FaceNet, VGG-Face, ArcFace and Dlib are overperforming ones based on experiments. You can find out the scores of those models below on both Labeled Faces in the Wild and YouTube Faces in the Wild data sets declared by its creators.

ModelLFW ScoreYTF Score
Facenet51299.65%-
ArcFace99.41%-
Dlib99.38 %-
Facenet99.20%-
VGG-Face98.78%97.40%
Human-beings97.53%-
OpenFace93.80%-
DeepID-97.05%

Similarity

Face recognition models are regular convolutional neural networks and they are responsible to represent faces as vectors. We expect that a face pair of same person should be more similar than a face pair of different persons.

Similarity could be calculated by different metrics such as Cosine Similarity, Euclidean Distance and L2 form. The default configuration uses cosine similarity.

metrics = ["cosine", "euclidean", "euclidean_l2"]

#face verification
result = DeepFace.verify(img1_path = "img1.jpg", img2_path = "img2.jpg", distance_metric = metrics[1])

#face recognition
df = DeepFace.find(img_path = "img1.jpg", db_path = "C:/workspace/my_db", distance_metric = metrics[1])

Euclidean L2 form seems to be more stable than cosine and regular Euclidean distance based on experiments.

Facial Attribute Analysis - Demo

Deepface also comes with a strong facial attribute analysis module including age, gender, facial expression (including angry, fear, neutral, sad, disgust, happy and surprise) and race (including asian, white, middle eastern, indian, latino and black) predictions.

obj = DeepFace.analyze(img_path = "img4.jpg", actions = ['age', 'gender', 'race', 'emotion'])

Age model got ± 4.65 MAE; gender model got 97.44% accuracy, 96.29% precision and 95.05% recall as mentioned in its tutorial.

Streaming and Real Time Analysis - Demo

You can run deepface for real time videos as well. Stream function will access your webcam and apply both face recognition and facial attribute analysis. The function starts to analyze a frame if it can focus a face sequantially 5 frames. Then, it shows results 5 seconds.

DeepFace.stream(db_path = "C:/User/Sefik/Desktop/database")

Even though face recognition is based on one-shot learning, you can use multiple face pictures of a person as well. You should rearrange your directory structure as illustrated below.

user
├── database
│   ├── Alice
│   │   ├── Alice1.jpg
│   │   ├── Alice2.jpg
│   ├── Bob
│   │   ├── Bob.jpg

Face Detectors - Demo

Face detection and alignment are important early stages of a modern face recognition pipeline. Experiments show that just alignment increases the face recognition accuracy almost 1%. OpenCV, SSD, Dlib, MTCNN and RetinaFace detectors are wrapped in deepface.

All deepface functions accept an optional detector backend input argument. You can switch among those detectors with this argument. OpenCV is the default detector.

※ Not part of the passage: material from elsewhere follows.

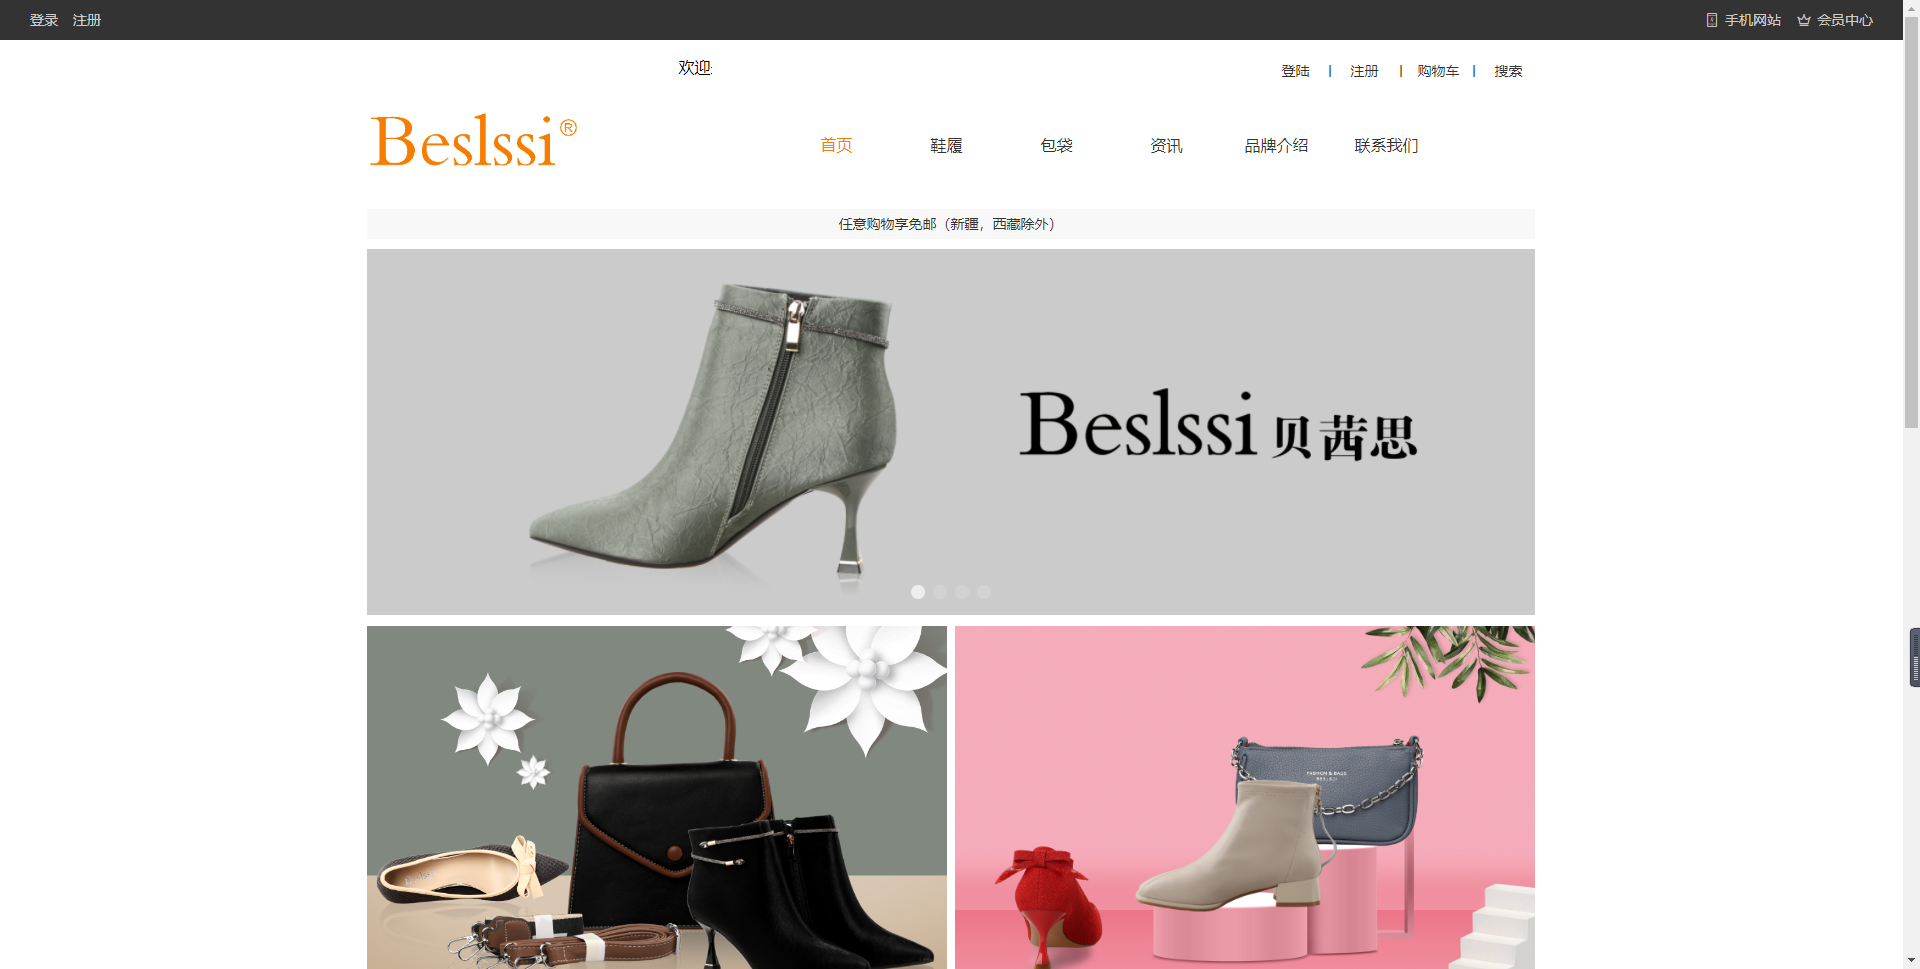 Beslssi官方旗舰店
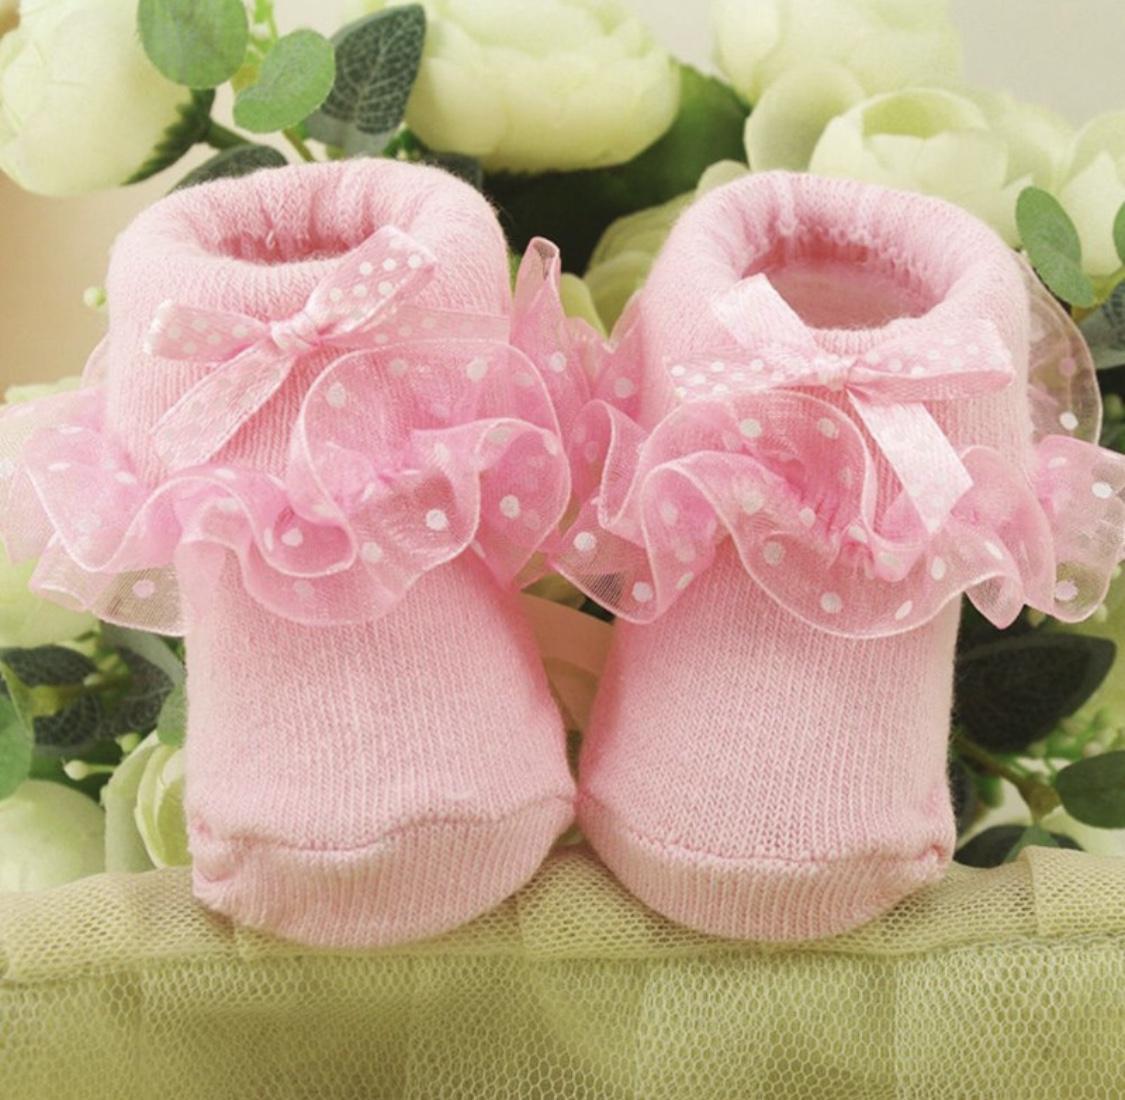 Jual Kaus Kaki Bayi Perempuan Terbaik Baby Girl Prewalker Shoes Fluffy Pink Ribbon Sepatu Lucu Imut Kaos Newborn Polkadot Renda Manis Dan Bigbabyshop

backends = ['opencv', 'ssd', 'dlib', 'mtcnn', 'retinaface']

#face verification
obj = DeepFace.verify(img1_path = "img1.jpg", img2_path = "img2.jpg", detector_backend = backends[4])

#face recognition
df = DeepFace.find(img_path = "img.jpg", db_path = "my_db", detector_backend = backends[4])

#facial analysis
demography = DeepFace.analyze(img_path = "img4.jpg", detector_backend = backends[4])

#face detection and alignment
face = DeepFace.detectFace(img_path = "img.jpg", target_size = (224, 224), detector_backend = backends[4])

Face recognition models are actually CNN models and they expect standard sized inputs. So, resizing is required before representation. To avoid deformation, deepface adds black padding pixels according to the target size argument after detection and alignment.

RetinaFace and MTCNN seem to overperform in detection and alignment stages but they are much slower. If the speed of your pipeline is more important, then you should use opencv or ssd. On the other hand, if you consider the accuracy, then you should use retinaface or mtcnn.

The performance of RetinaFace is very satisfactory even in the crowd as seen in the following illustration. Besides, it comes with an incredible facial landmark detection performance. Highlighted red points show some facial landmarks such as eyes, nose and mouth. That's why, alignment score of RetinaFace is high as well.

You can find out more about RetinaFace on this repo.

API - Demo

Deepface serves an API as well. You can clone /api/api.py and pass it to python command as an argument. This will get a rest service up. In this way, you can call deepface from an external system such as mobile app or web.

python api.py

Face recognition, facial attribute analysis and vector representation functions are covered in the API. You are expected to call these functions as http post methods. Service endpoints will be http://127.0.0.1:5000/verify for face recognition, http://127.0.0.1:5000/analyze for facial attribute analysis, and http://127.0.0.1:5000/represent for vector representation. You should pass input images as base64 encoded string in this case. Here, you can find a postman project.

Tech Stack - Vlog, Tutorial

Face recognition models represent facial images as vector embeddings. The idea behind facial recognition is that vectors should be more similar for same person than different persons. The question is that where and how to store facial embeddings in a large scale system. Herein, deepface offers a represention function to find vector embeddings from facial images.

embedding = DeepFace.represent(img_path = "img.jpg", model_name = 'Facenet')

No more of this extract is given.